Qué le vamos a hacer, esa es la democracia.
Sin embargo, lo que me parece curioso es la reacción desmedida y poco tolerante
–en ciertos casos- de algunos simpatizantes de Hillary Clinton. Es verdad, el
señor Trump no es lo que uno podría decir “un gentleman”; se le va la boca en
insultos, en improperios indebidos, y en ciertas posturas discriminatorias no
dignas de una persona que va a ocupar el cargo político más importante de
Occidente.
Así no nos guste, el señor Trump ganó
democráticamente en su país. El problema es que mucha gente –supuestamente
liberal y progresista- no gusta de la democracia cuando los resultados
electorales no salen como ellos quieren o desean.

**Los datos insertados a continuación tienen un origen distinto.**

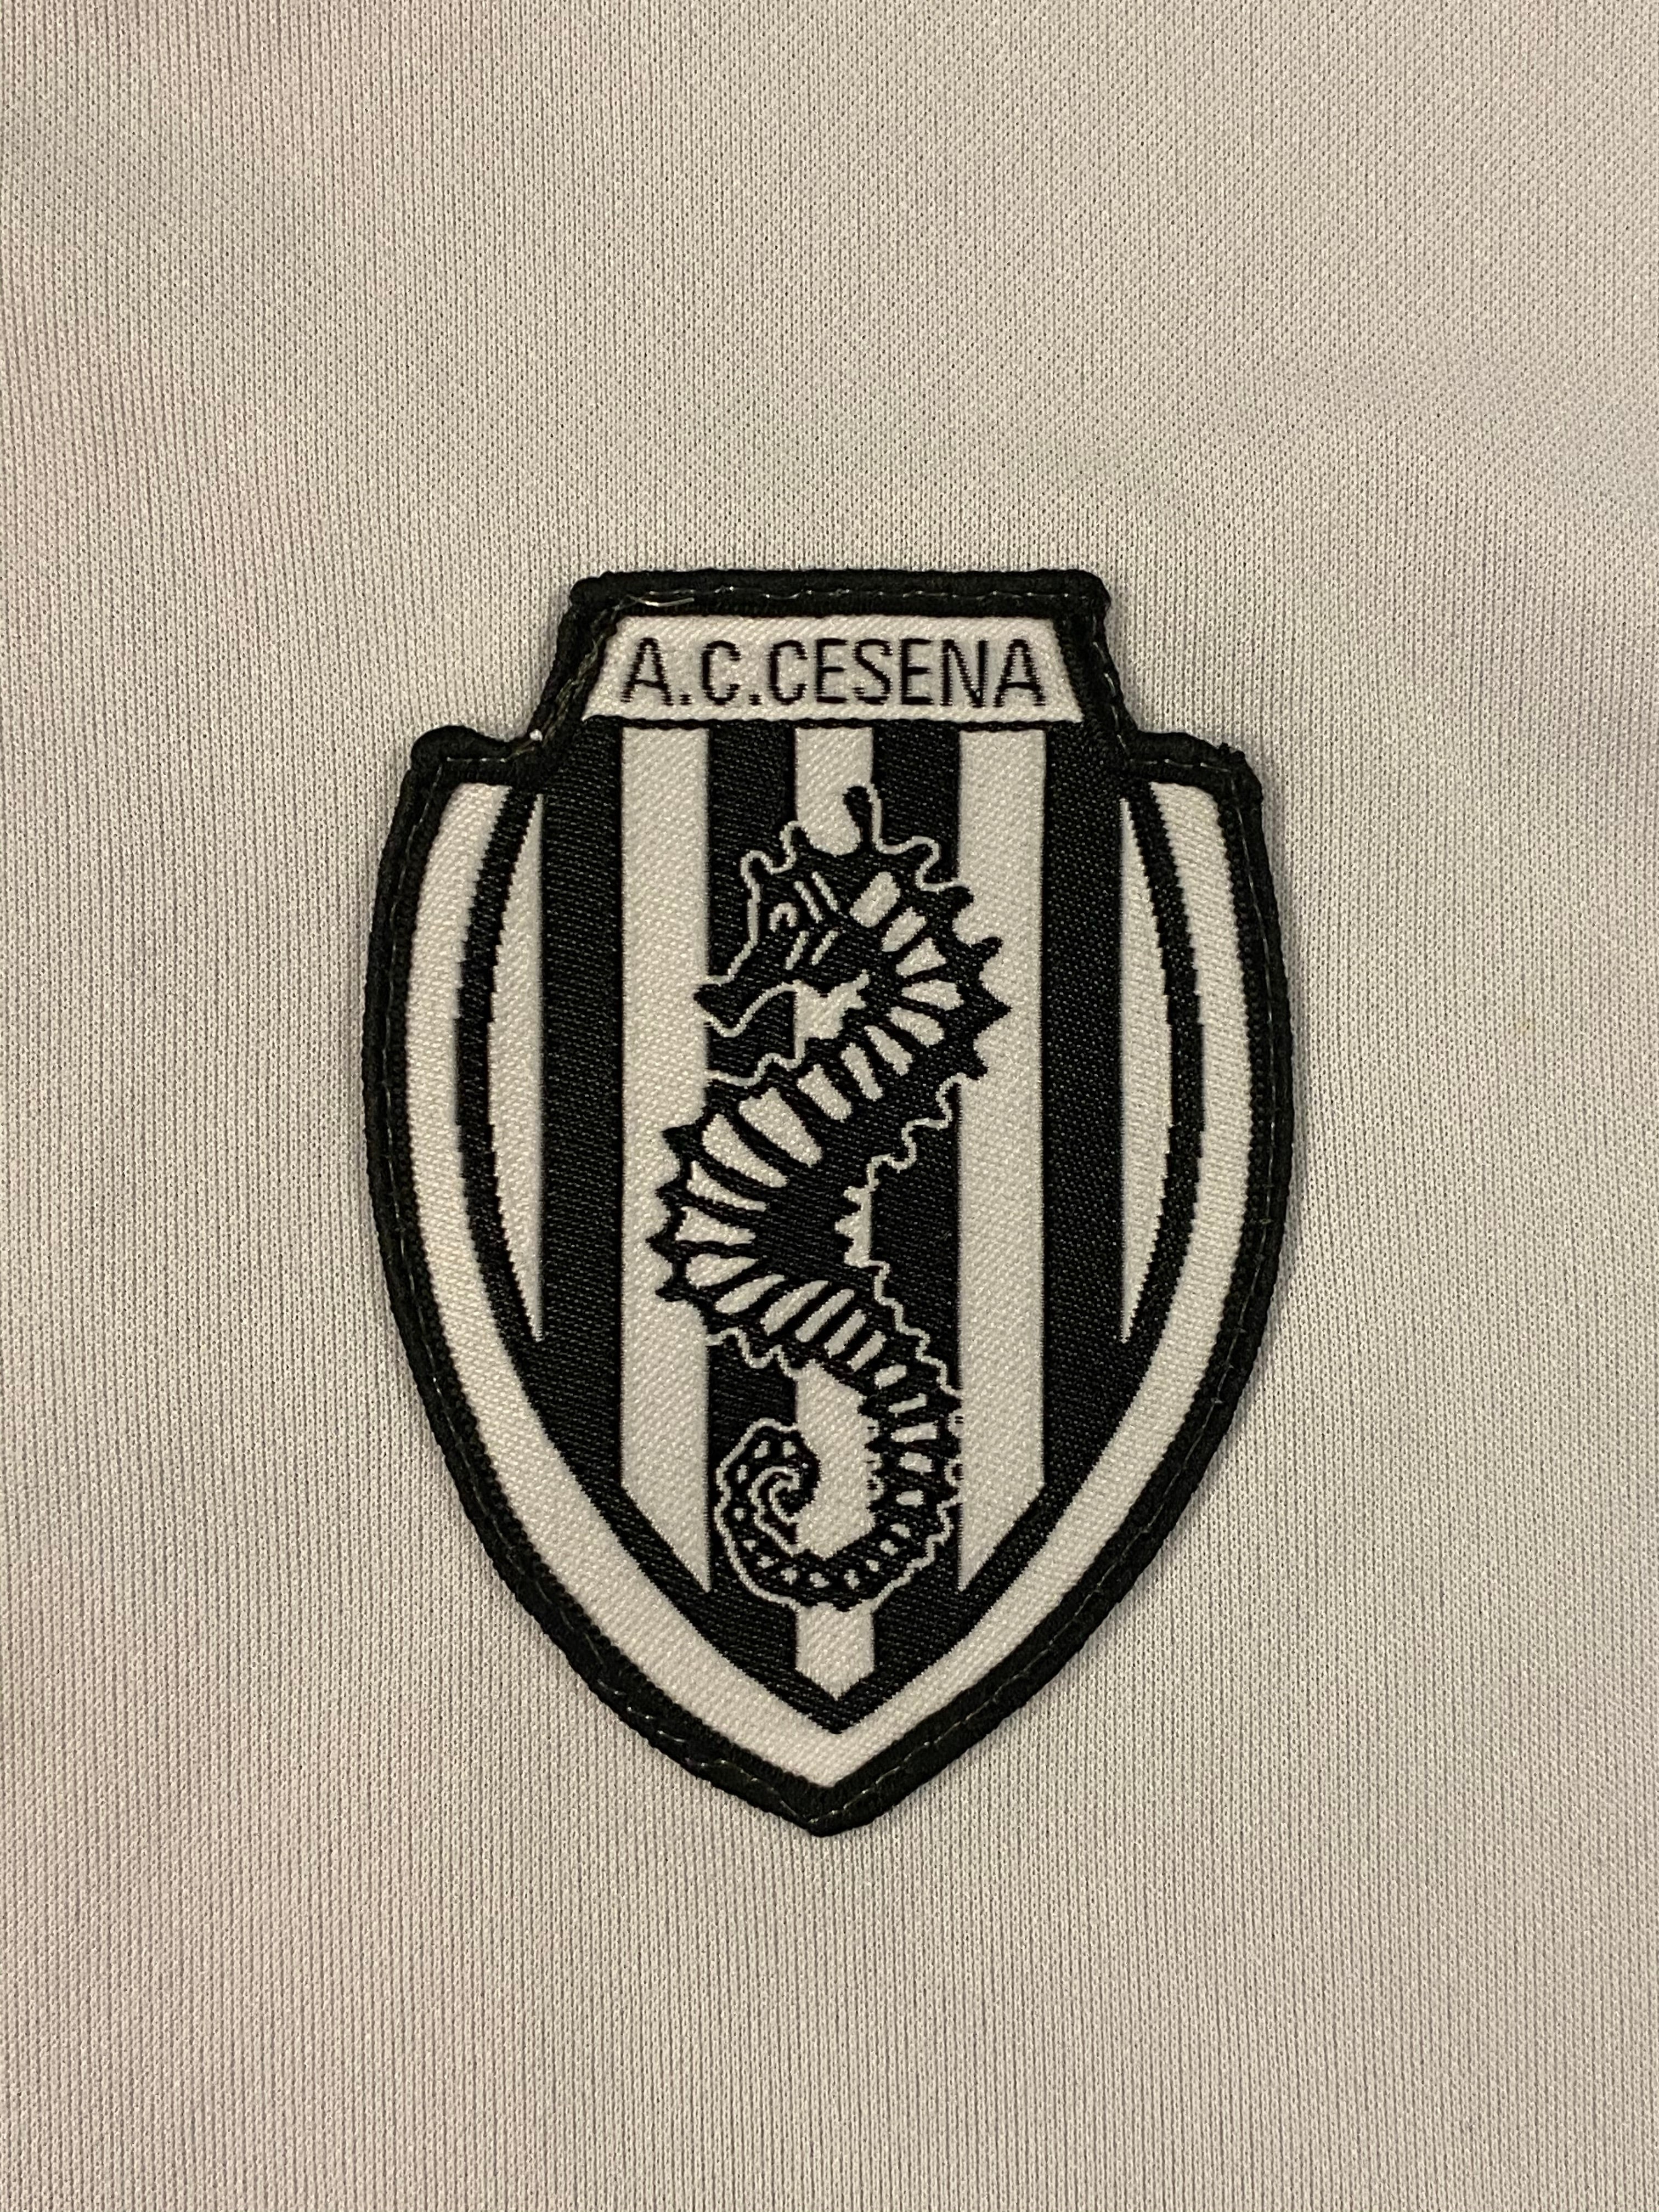 Camiseta de entrenamiento Cesena 2013/14 (L) 9/10

Despotricar de la democracia está de moda, y
siempre ha estado de moda. Defender la democracia es para ingenuos, para
populistas, para demagogos, para incultos o para ignorantes –incluso-. En esta
campaña han salido todos los demócratas o mejor dicho los fascistas con piel de
demócratas a desvalorizar este sistema.
La democracia es el gobierno del pueblo, por
el pueblo y para el pueblo, según el decir de Lincoln, sin embargo, a muchos no
les gusta eso de que sea el pueblo el que elija, preferirían que una dictadura,
una élite o un grupo determinado lo hicieran. Son demócratas y liberales cuando
les conviene.
Defender la democracia en ciertos círculos
académicos, políticos y hasta religiosos es sinónimo de estupidez, lo
inteligente es ser demócrata de fachada, pero en privado ser un fascista
agresivo.
Ser ateo o agnóstico, materialista y fascista
es lo políticamente correcto en determinadas esferas sociales. La democracia
solo la defienden cuando conviene, esto es, para defender las libertades del
sistema liberal –valga la redundancia- esto es, para propender por la defensa de
la propiedad privada y del libre mercado, pero cuando se trata de acatar las
decisiones democráticas puras ahí sí sale el “fascista interior”, no soportan
que la gente o el pueblo tome las decisiones.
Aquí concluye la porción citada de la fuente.